■ SOURCE DATA
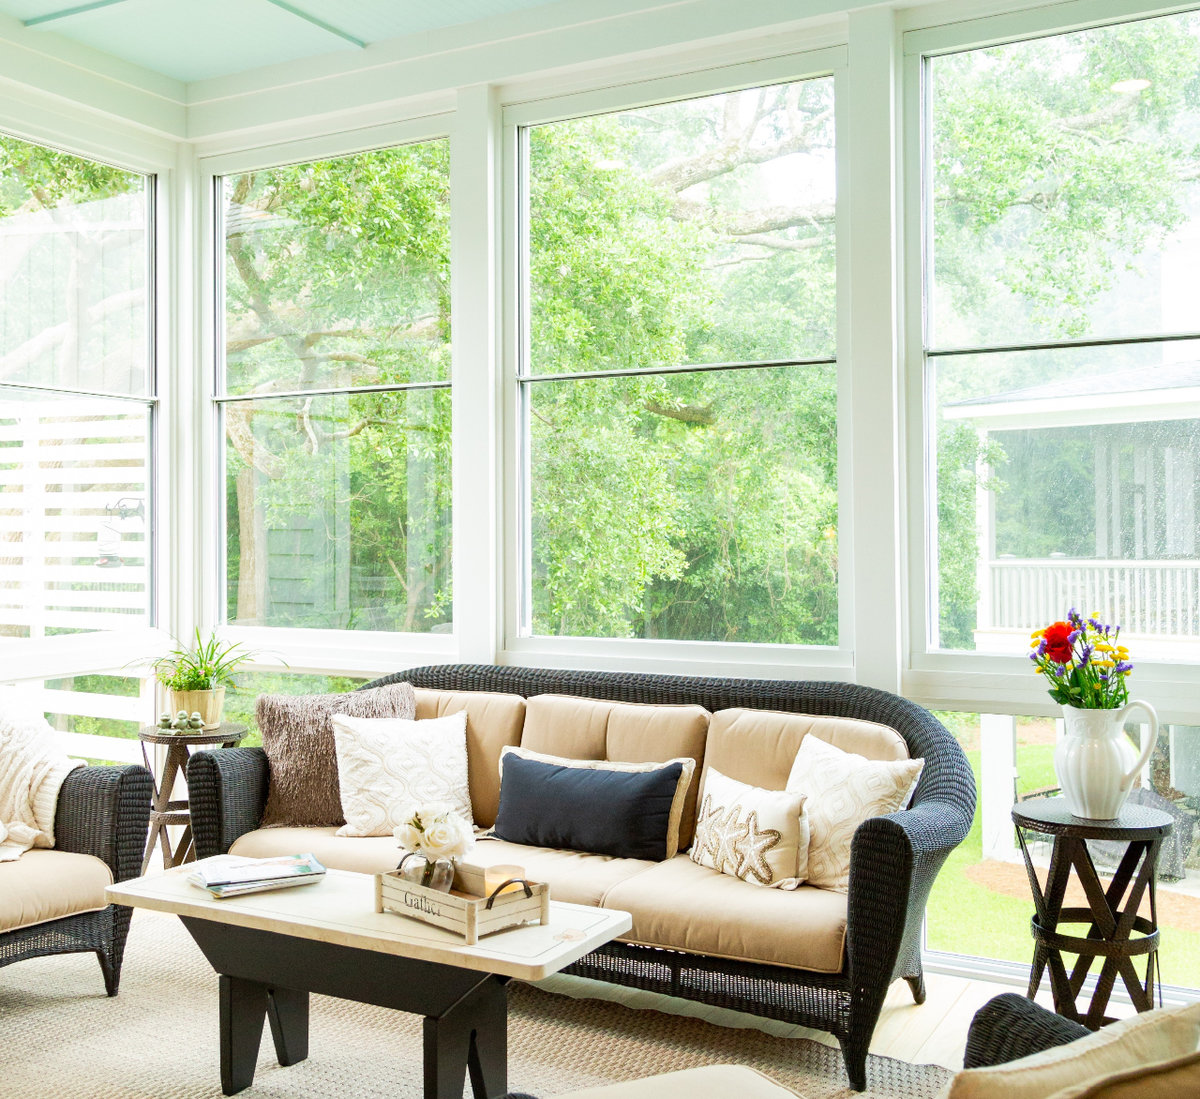 Interior image of a glass sunroom with a white couch and decor
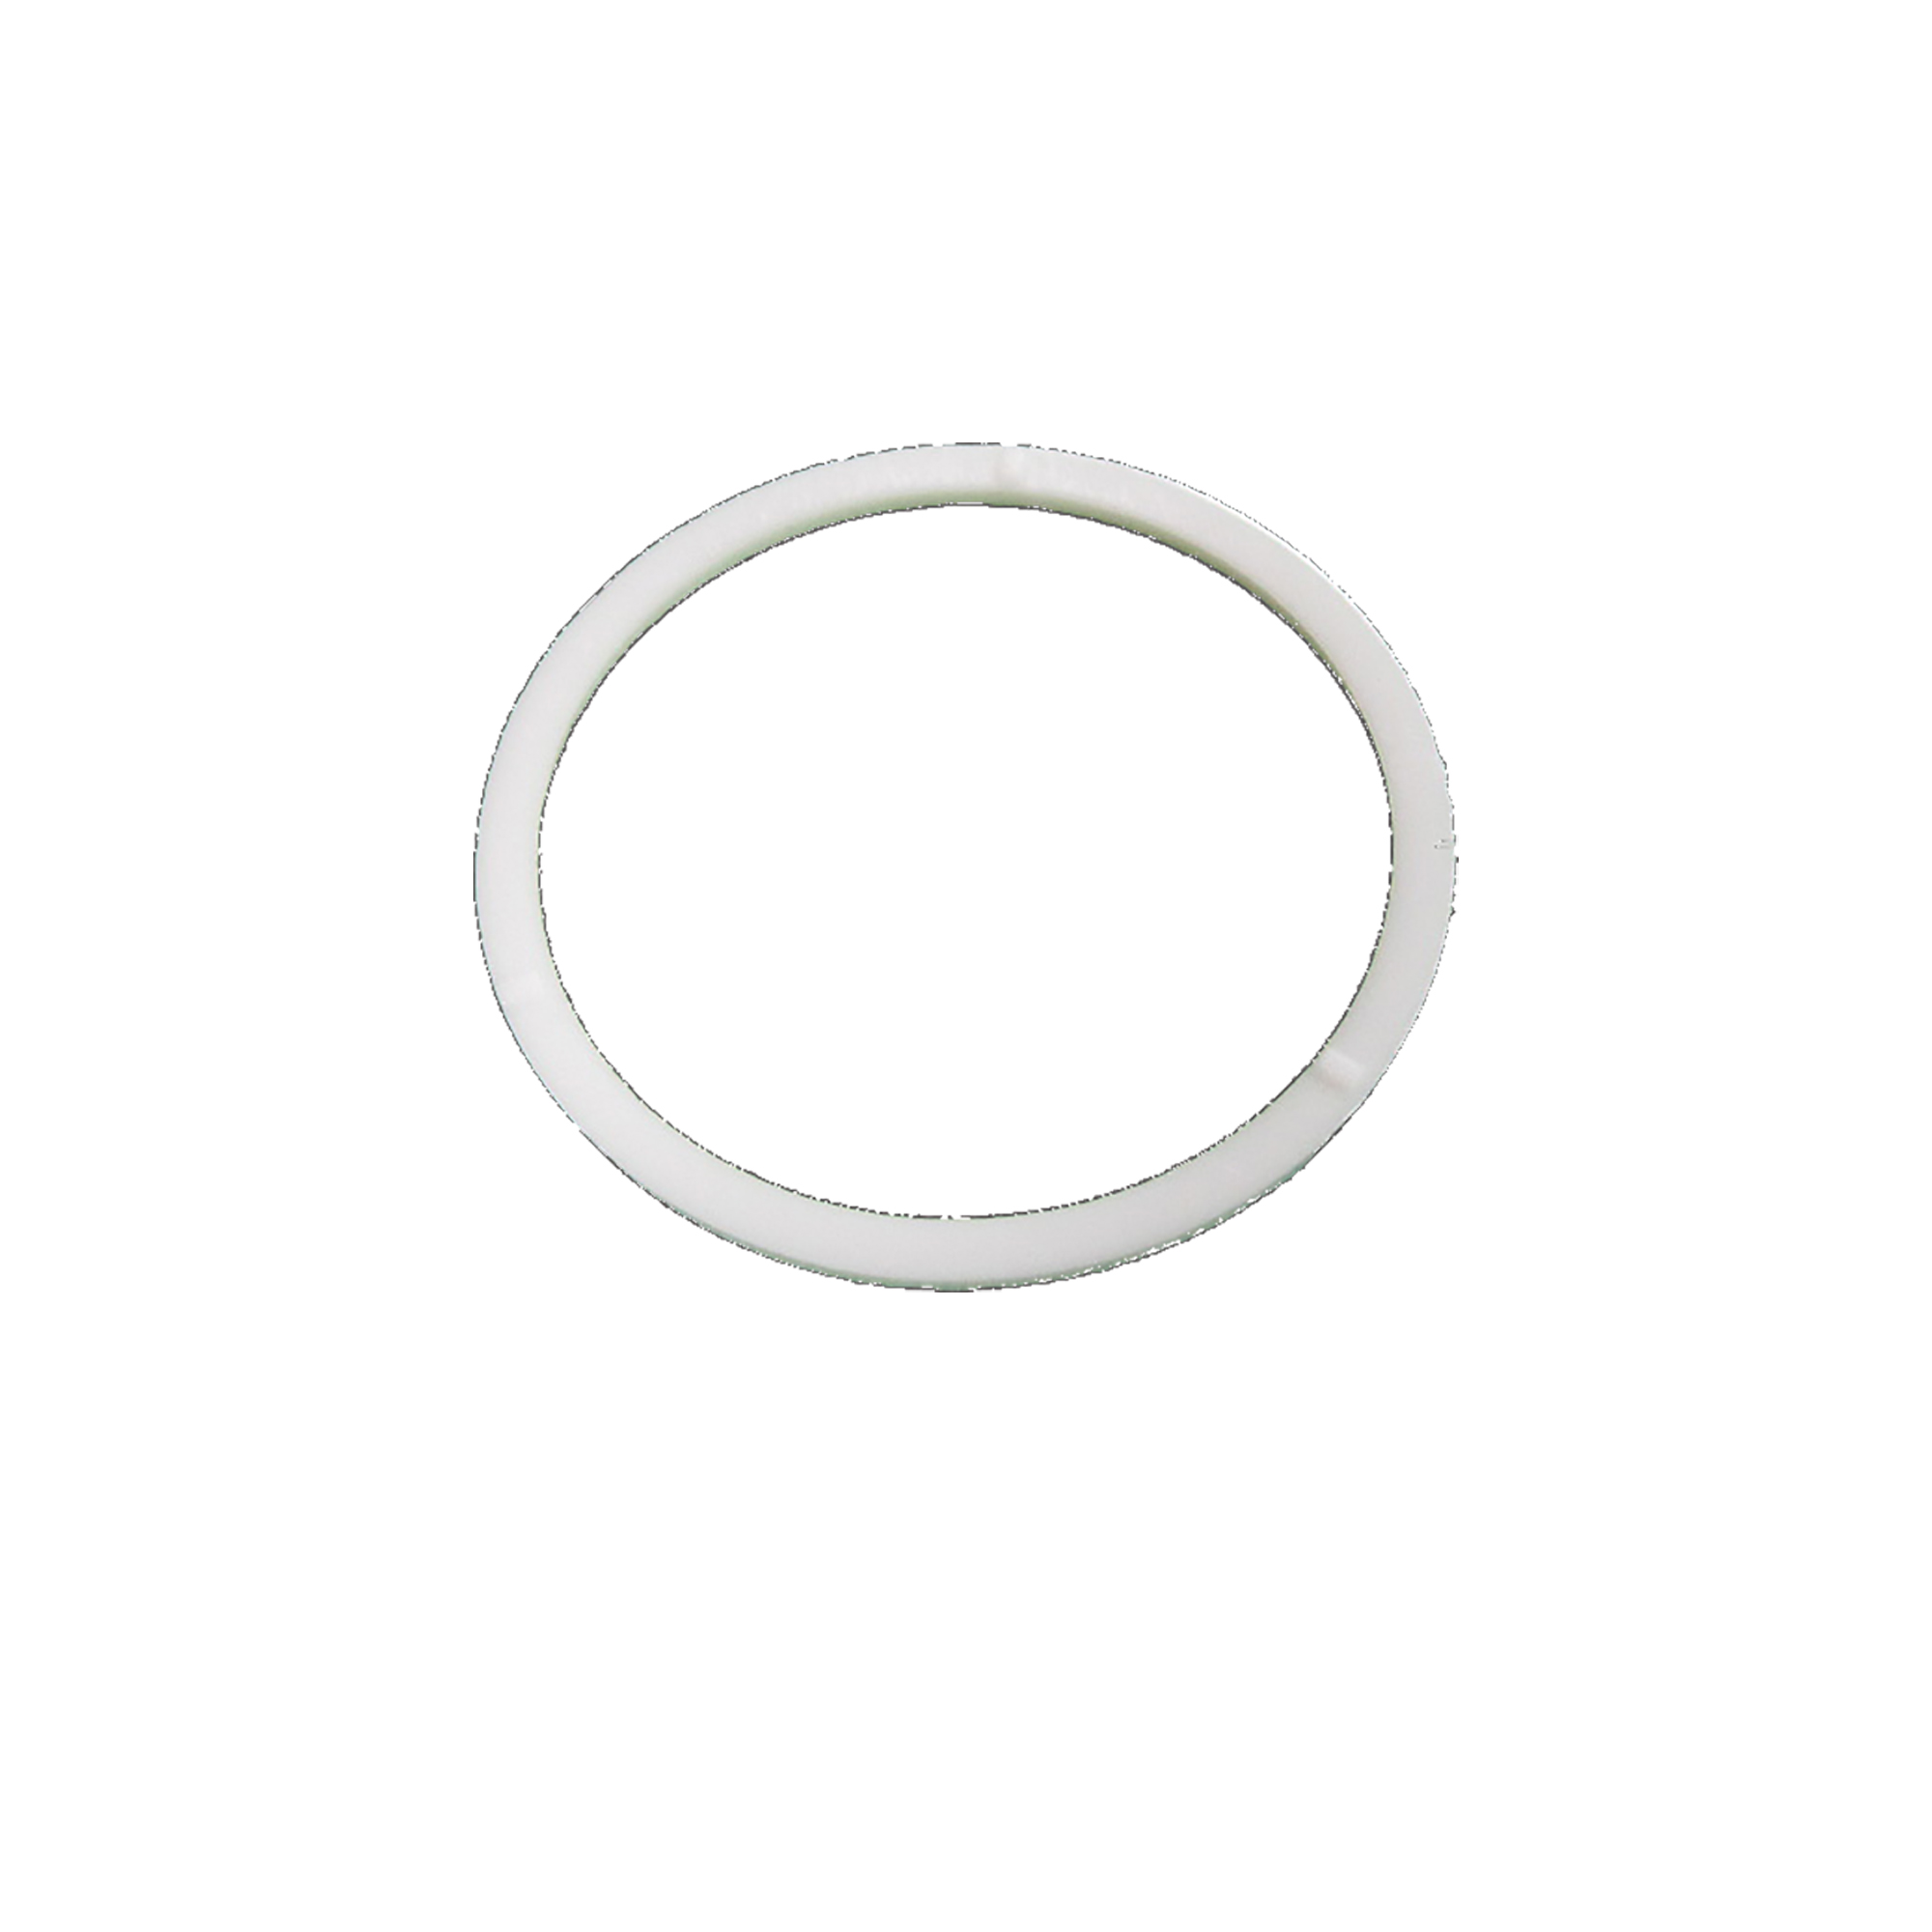 Bearing Washer for Colony Soft Faucet
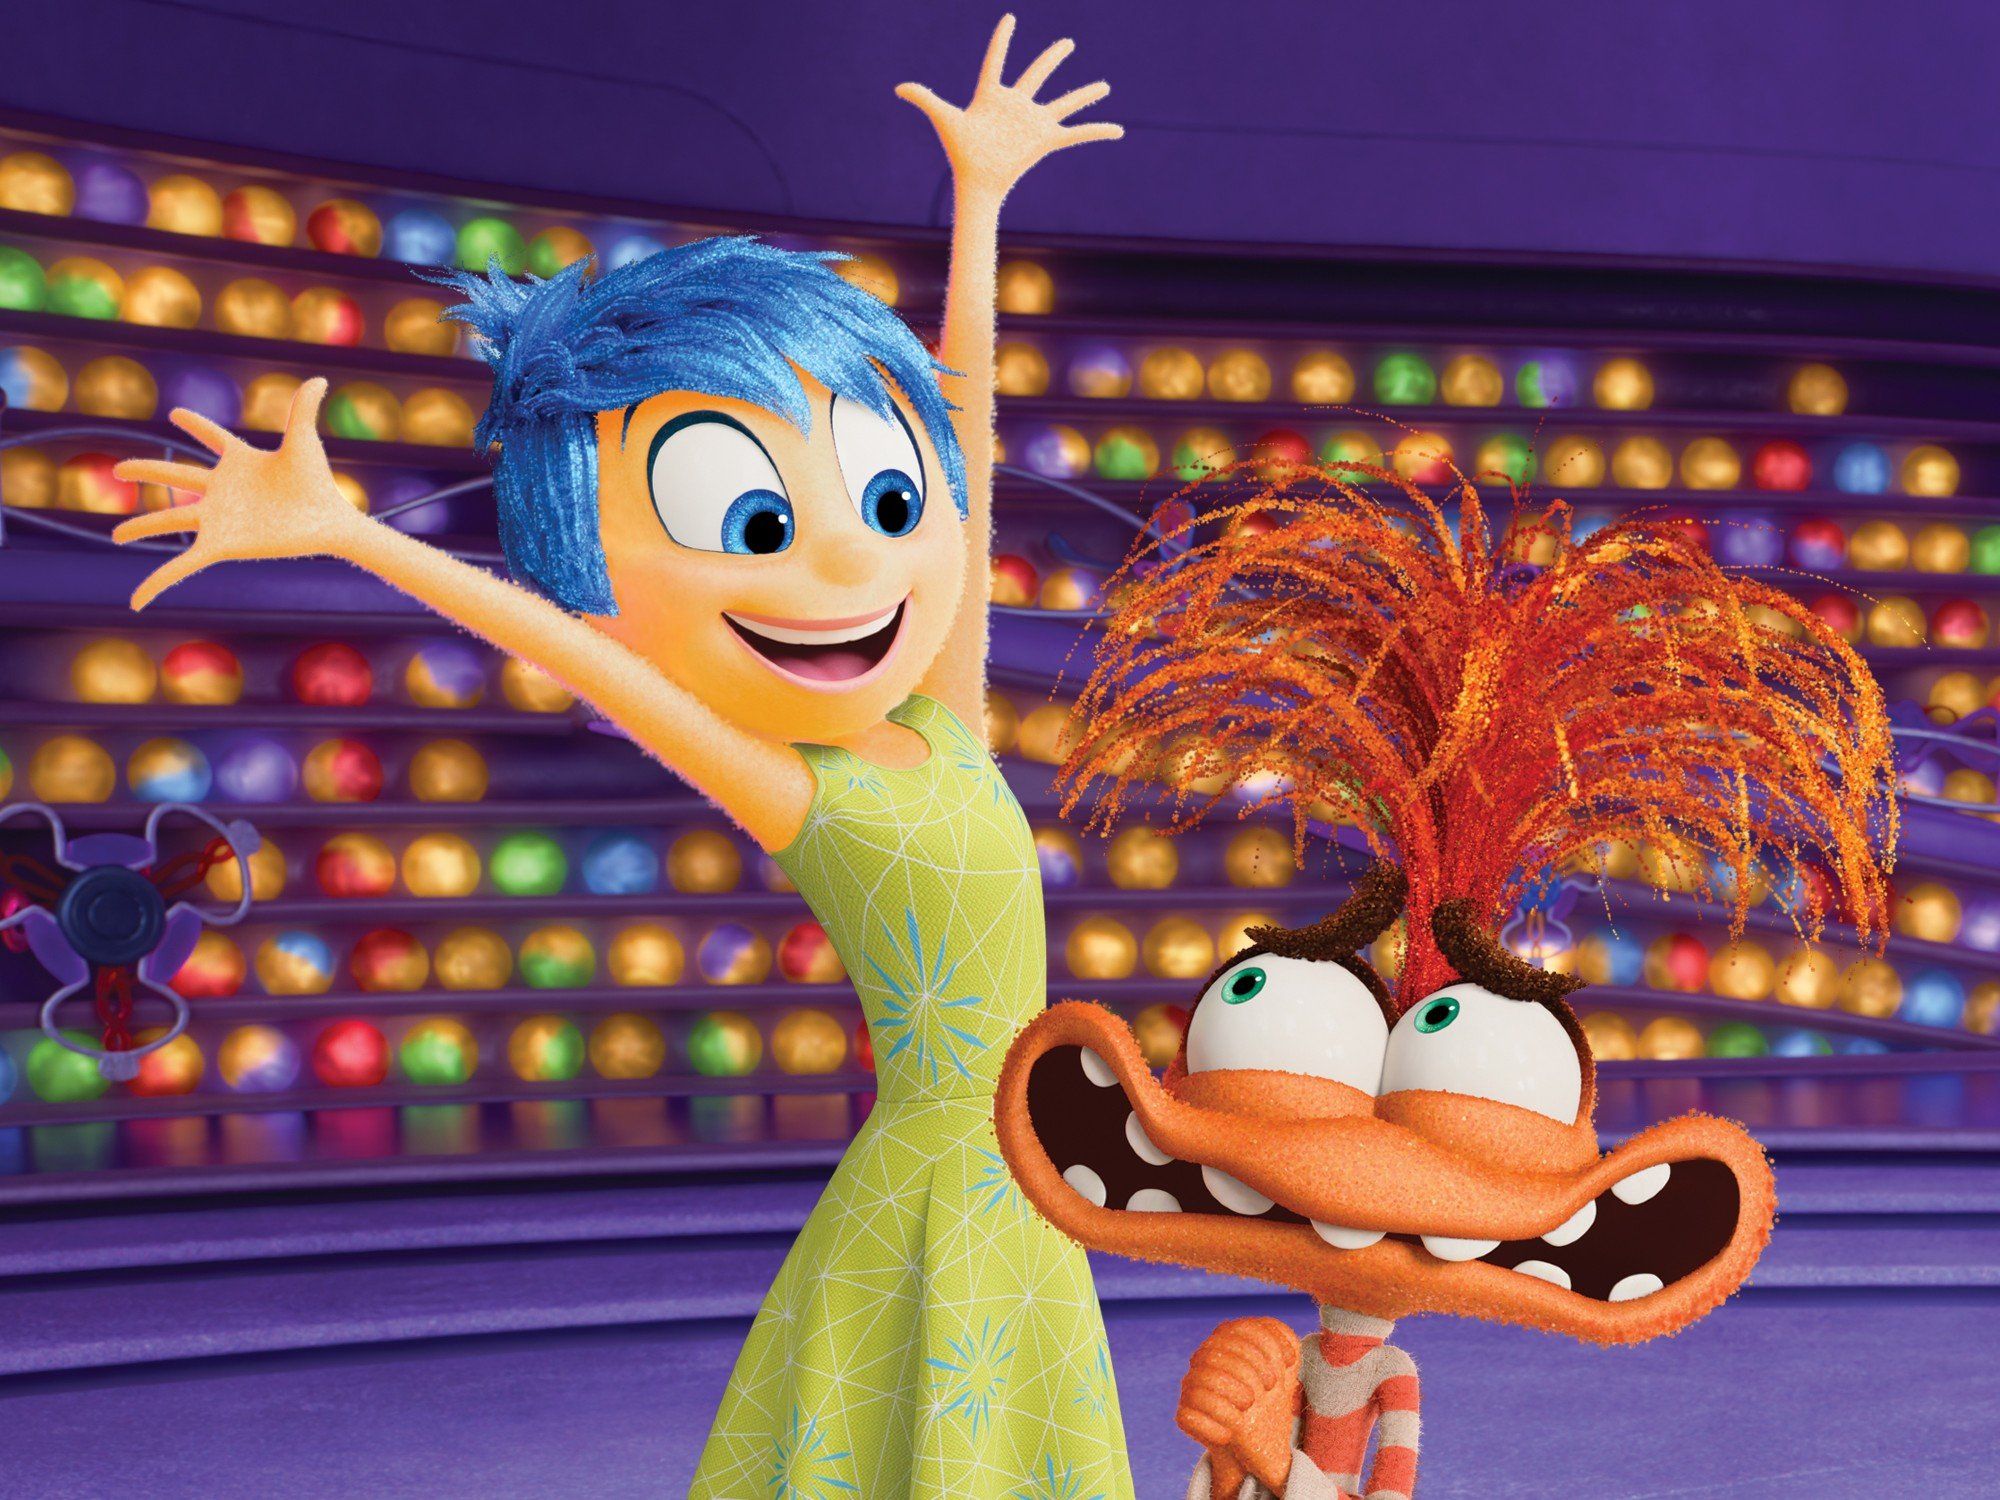 Joy (Amy Poehler) and Anxiety (Maya Hawke) in Inside Out 2

■ EXERCISE REQUIREMENTS
Please give every line above again word for word, apart from the pictures.

■ EXERCISE RESPONSE
 Interior image of a glass sunroom with a white couch and decor
 Bearing Washer for Colony Soft Faucet
 Joy (Amy Poehler) and Anxiety (Maya Hawke) in Inside Out 2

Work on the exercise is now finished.